Lebanese civil defence teams conduct search and rescue operations following the Israeli attacks in the southern area of the capital Beirut, Lebanon, on Friday night
EU foreign affairs chief laments that ‘nobody’ can ‘stop’ Netanyahu
Speaking to journalists at the UN General Assembly, Josep Borrell said Prime Minister Netanyahu had made clear that Israel won’t “stop until Hezbollah is destroyed”.
“If the interpretation of being destroyed is the same as with Hamas, then we are going to go for a long war,” Borrell lamented. “What we do is to put all diplomatic pressure to a ceasefire, but nobody seems to be able to stop Netanyahu, neither in Gaza nor in the West Bank,” he said.
Borrell said he backed a US- and France-led ceasefire proposal for a 21-day ceasefire in Lebanon, which Israel has so far ignored as it carries out a deadly bombing campaign that has killed more than 700 people since Monday.
Israeli strikes targeted residential buildings, not Hezbollah ‘command centre’
More from Beirut-based journalist Lara Bitar, editor-in-chief of The Public Source publication, who spoke to Al Jazeera earlier:
“There is no such thing as a Hezbollah ‘command centre’. There is also no such thing as a Hezbollah headquarters.

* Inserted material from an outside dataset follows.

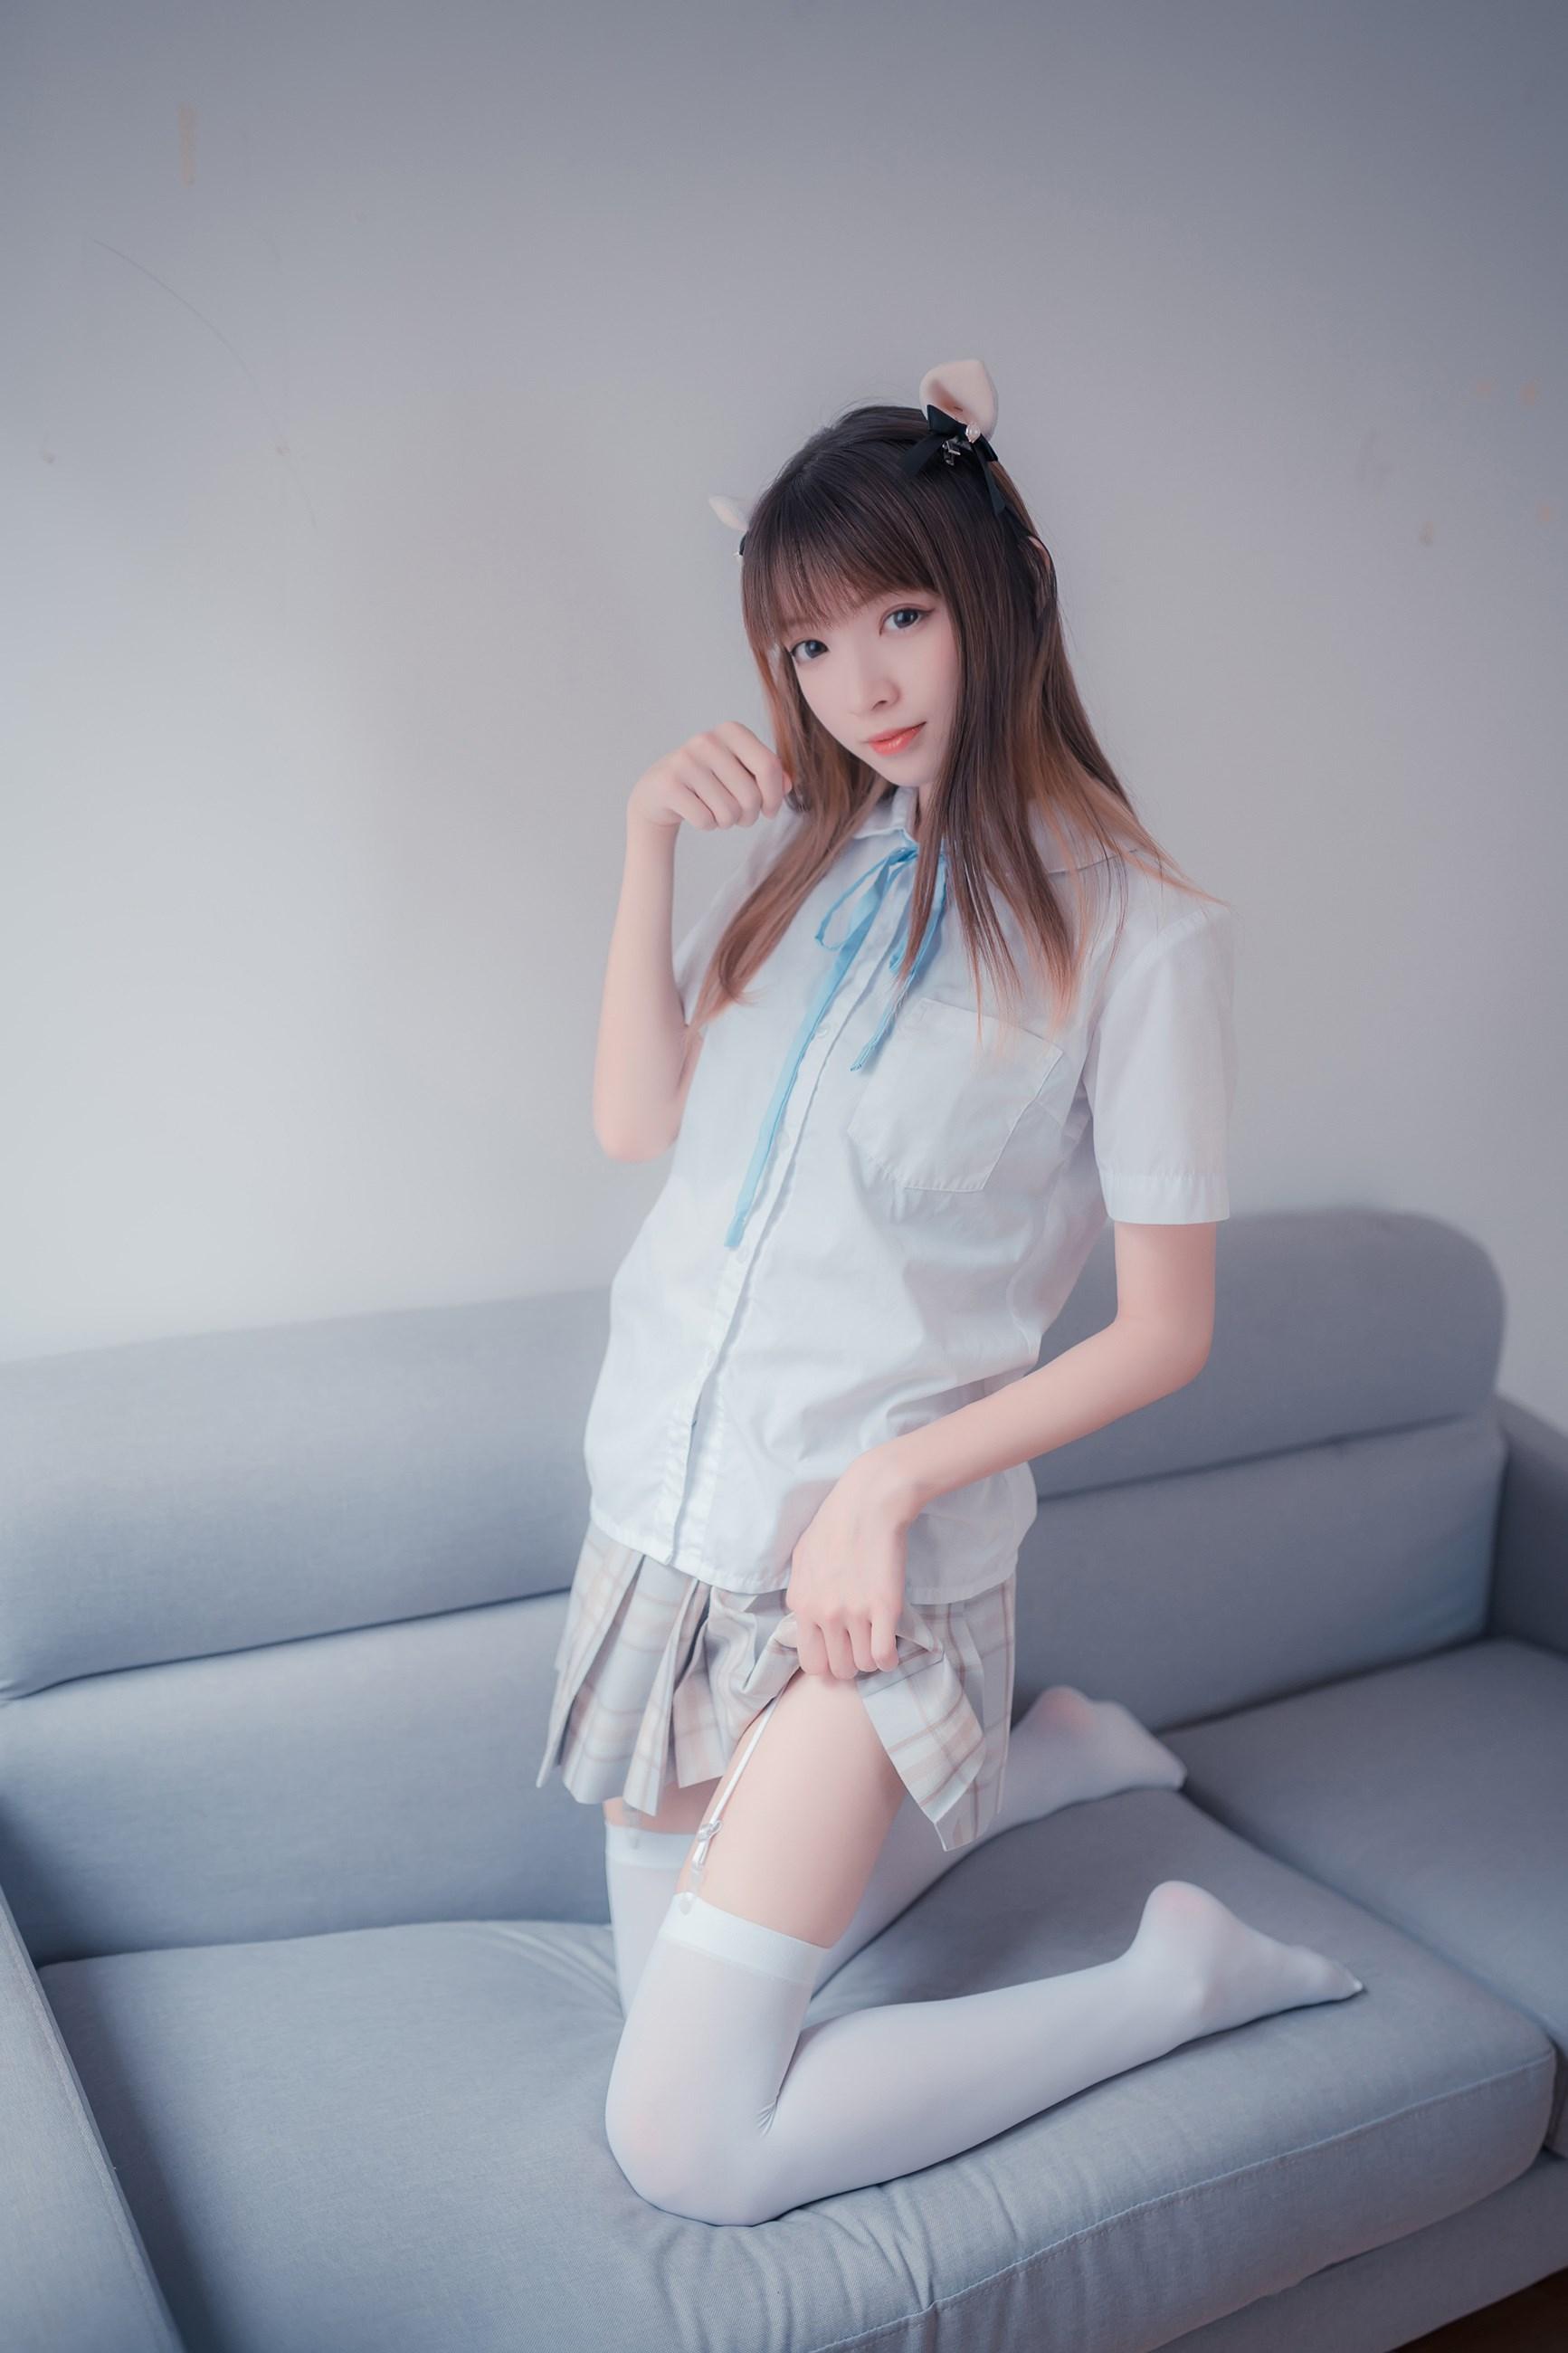 【兔玩映画】沙发上的JK少女 兔玩映画 第9张

Hezbollah doesn’t have bureaus and offices where they meet that are known.”
“These are residential buildings. Six or seven multistorey buildings were targeted and these buildings were inhabited by civilians who might or might not be affiliated to the party. But for the most part, they are civilians.”
“When these air strikes take place, they impact, obviously, not just the building that is targeted but all of the surroundings. So you can imagine the death toll every time one of these strikes takes place.”